__Input data__:

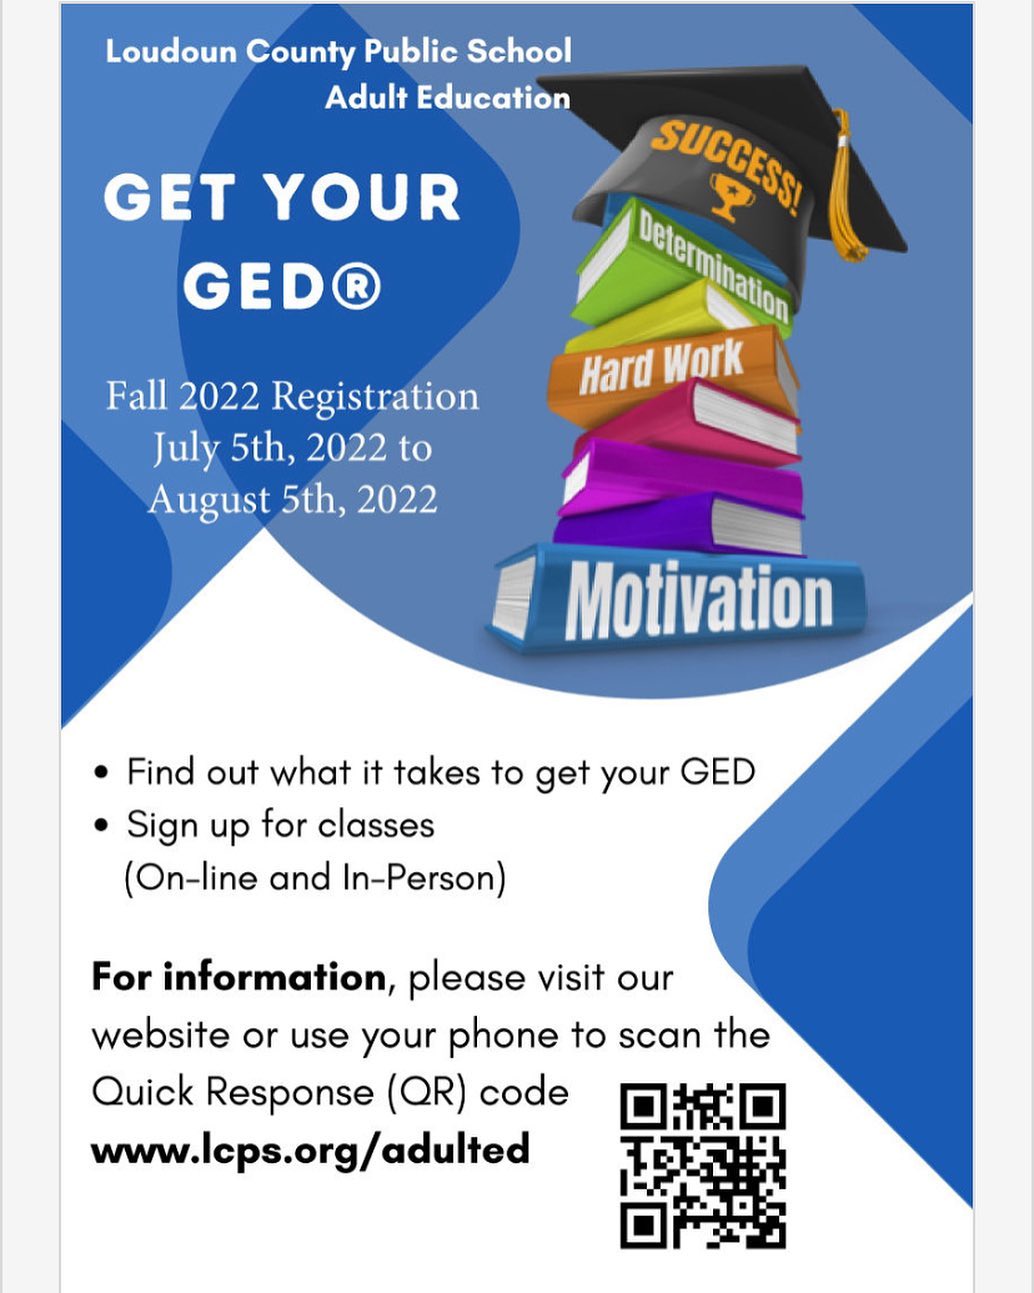 If you are interested in getting a GED here’s some info
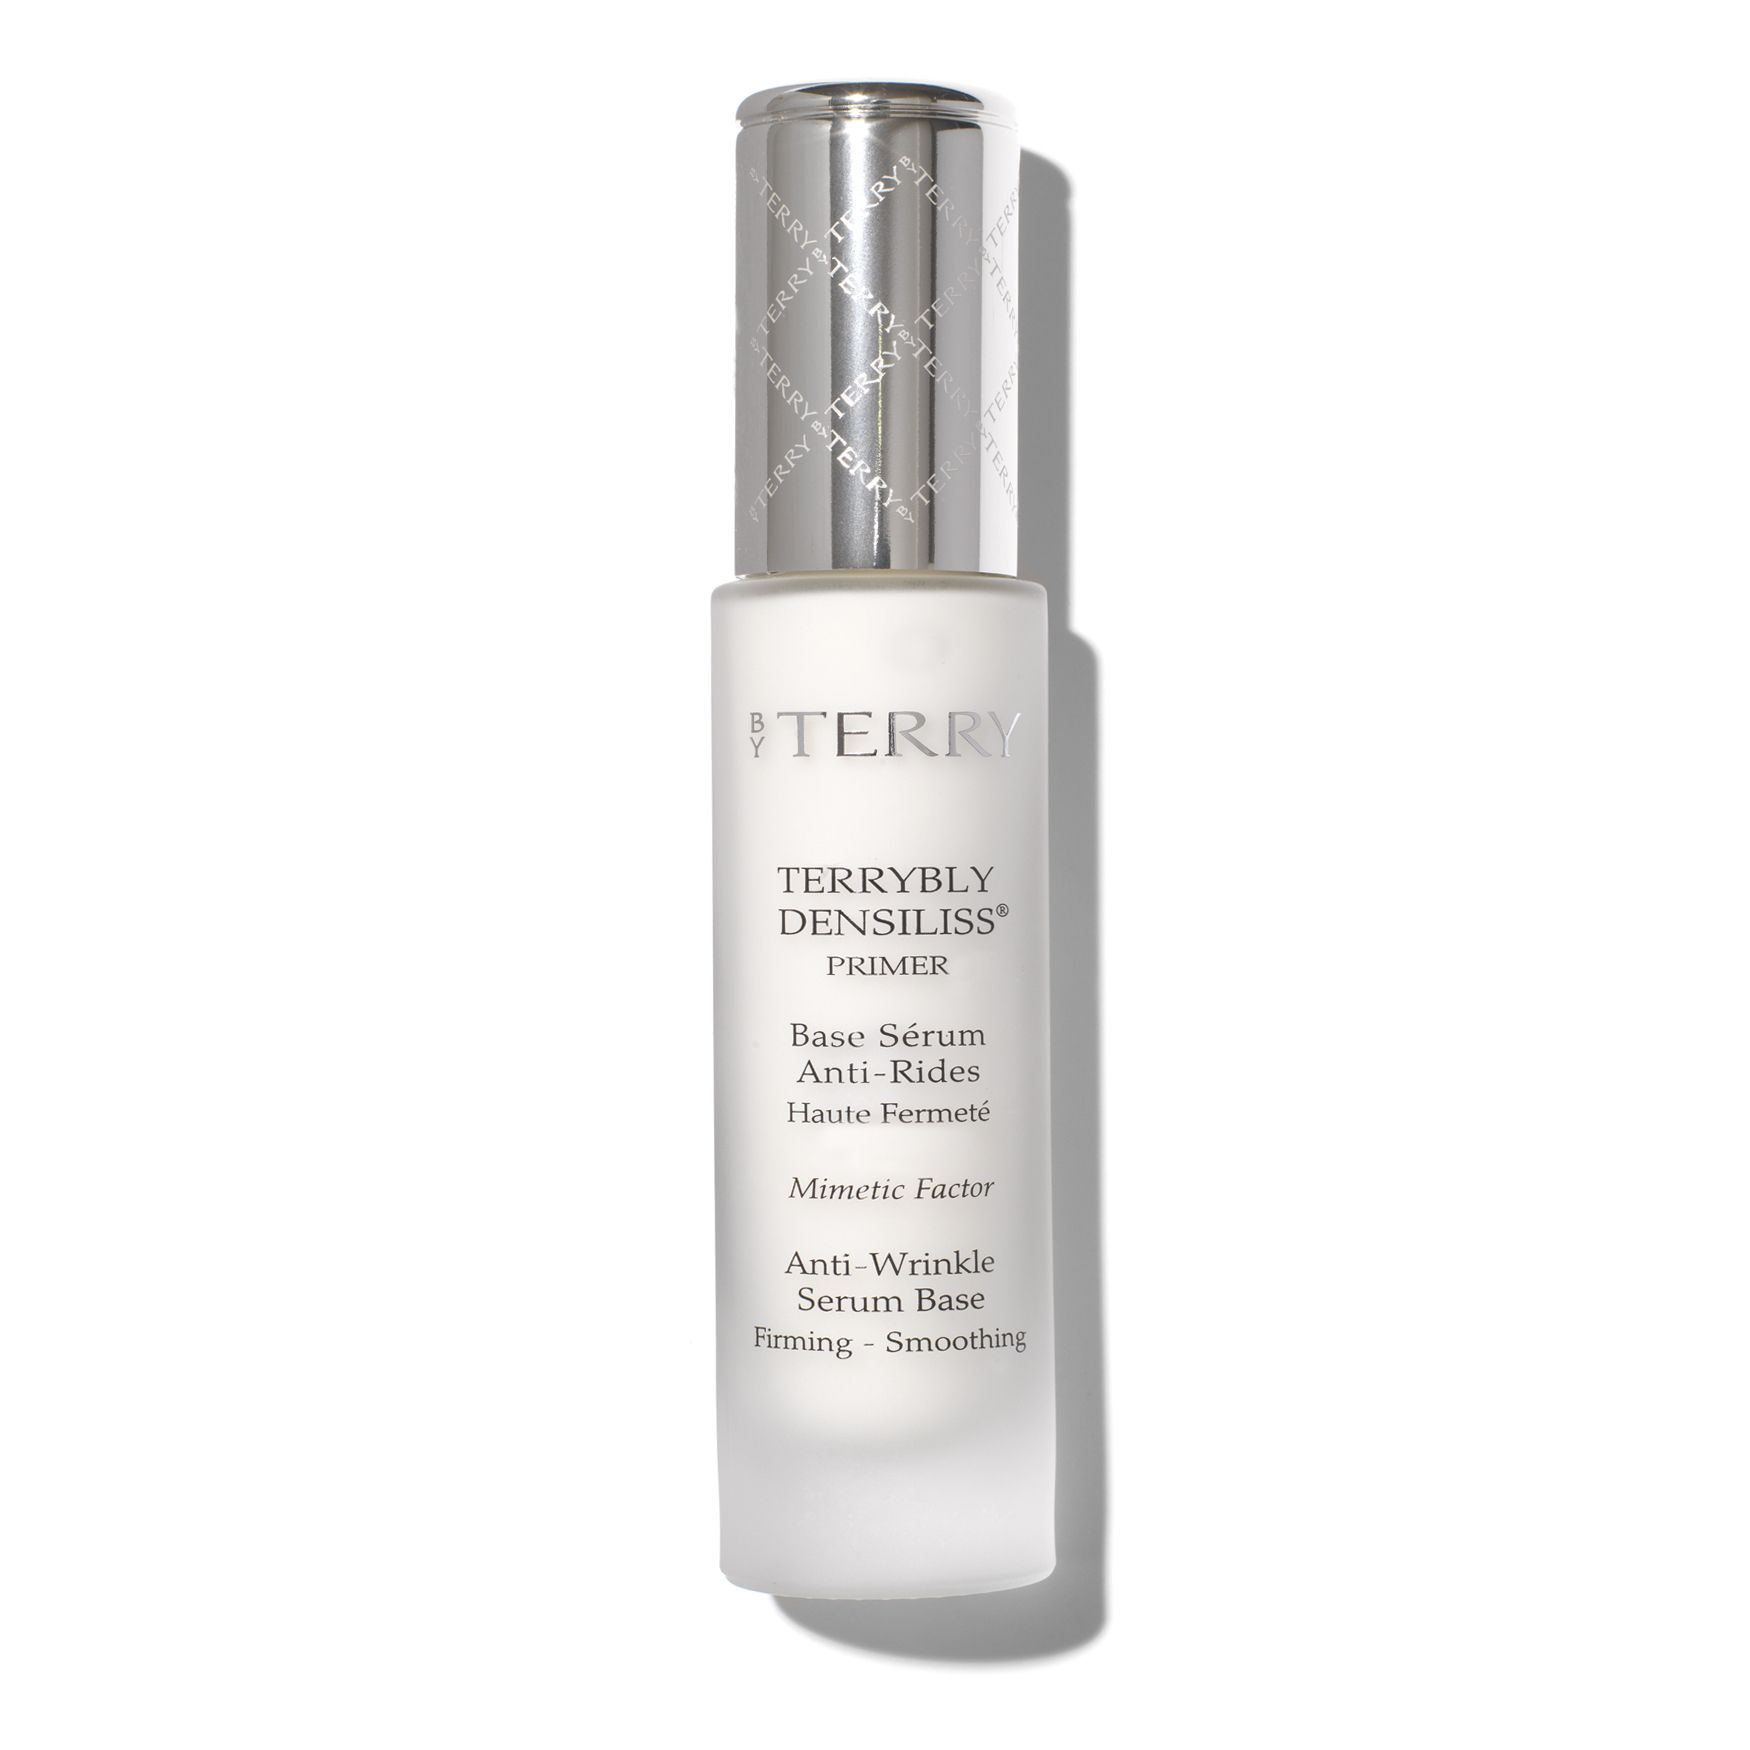 BY TERRY Terrybly Densiliss Primer | Space NK (US)
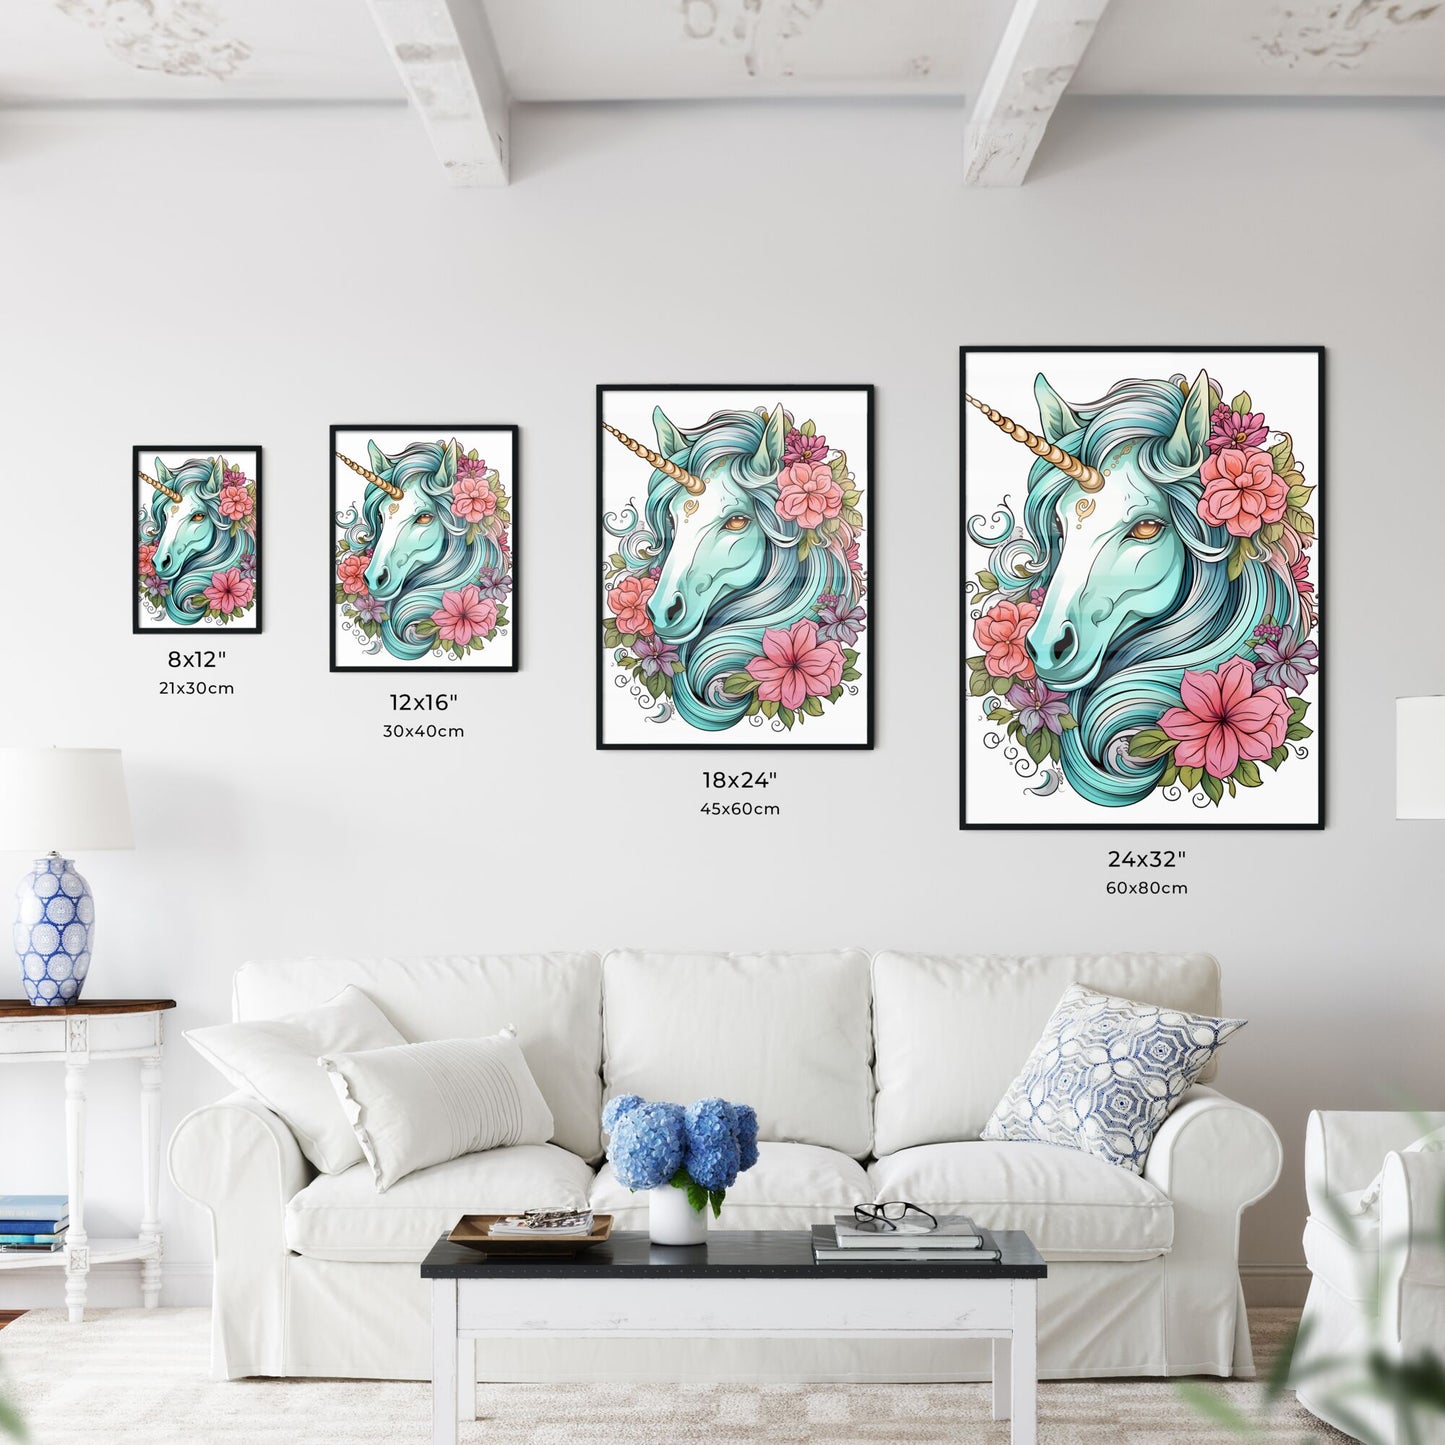 Unicorn With Flowers And Leaves Art Print Default Title

__Exercise description__: When copying the listing, skip the pictures and keep each line exactly as written.

__Response__:
 If you are interested in getting a GED here’s some info
 BY TERRY Terrybly Densiliss Primer | Space NK (US)
 Unicorn With Flowers And Leaves Art Print Default Title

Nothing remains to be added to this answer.